There’s a split second left, and Holly chooses.

“I’m in here,” she calls. “I’m okay.” She leaves the feather where it is. She doesn’t want to touch it. But she puts the address and the photo in her pocket as Christopher rushes into the room.

“I’m fine,” she says again. “I think it was . . . a prank. Jack trying to get back at me.”

Somewhere outside, a rooster crows.





Chapter Thirty-Three



Tell me again,” Christopher says for the umpteenth time, his voice unnaturally patient. Holly has to take a deep breath, has to will her body to be still, so she can match his tone. She exhales as forcefully as she dares.

“A prank,” she says. “A stupid prank. Jack’s been pushing for more independence for months, and he decided to take the chance while I was away to seize it.”

Even to her own ears, it sounds pathetic. How much worse must it sound to Christopher? It’s a terrible story, but the best she was able to come up with in the seconds she had. Even so, Christopher insisted on searching every corner of the dismal flat, and the only thing Holly can thank her stars for at the moment is how very small the place is. She needs to get to that address as fast as she can. But when the inside turned up nothing, Christopher moved on to the yard, where he found enough rusty cans and bottles to start his own junkyard but nothing else.
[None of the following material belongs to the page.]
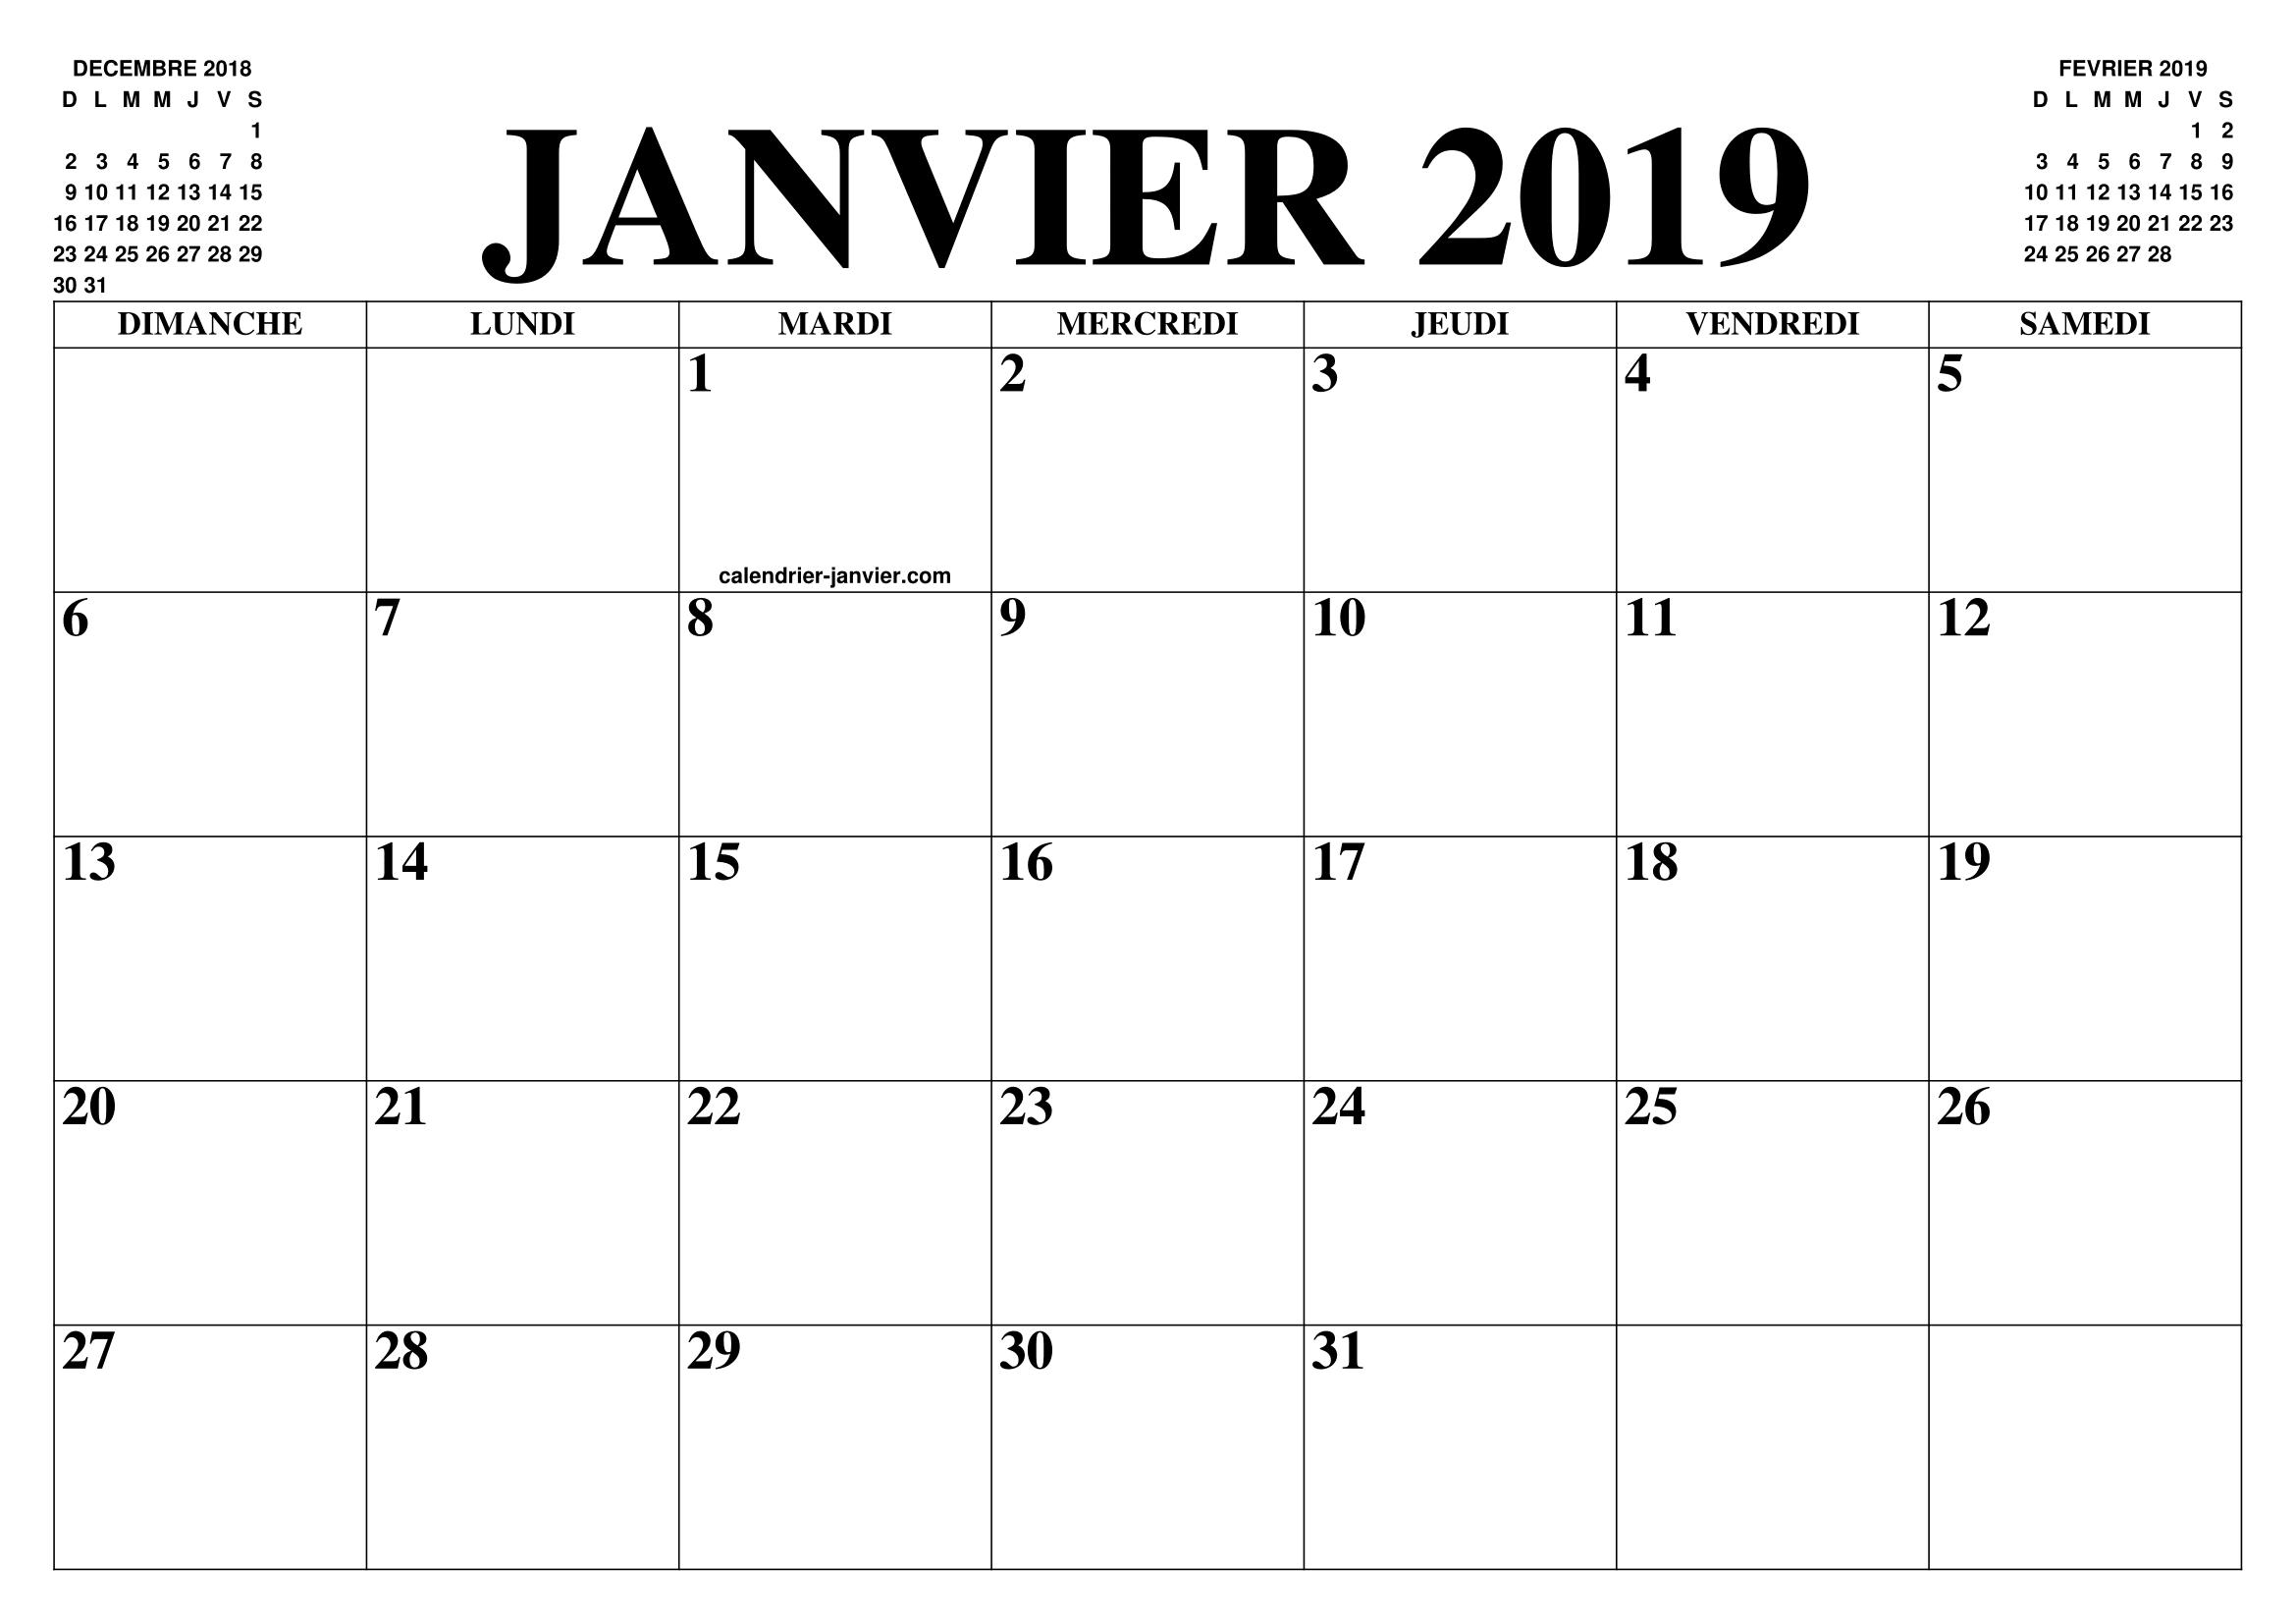 Calendrier 2019 Mois Par Mois A Imprimer.Calendrier Janvier 2019 2020 Le Calendrier Du Mois De

And still he wouldn’t leave. He insisted they look through the bedroom again, that she show him exactly where she found the phone, as if knowing would somehow miraculously make Jack appear. Now he stands, arms crossed, blocking the bedroom door. With his black motorcycle boots, leather jacket, and smudge of dirt under his eye from crawling about in the yard, he looks like a modern pirate. An angry, obstinate pirate. It reminds her of how little she knows him, how trusting him could be dangerous. Of who he could be, and not just in his dreams.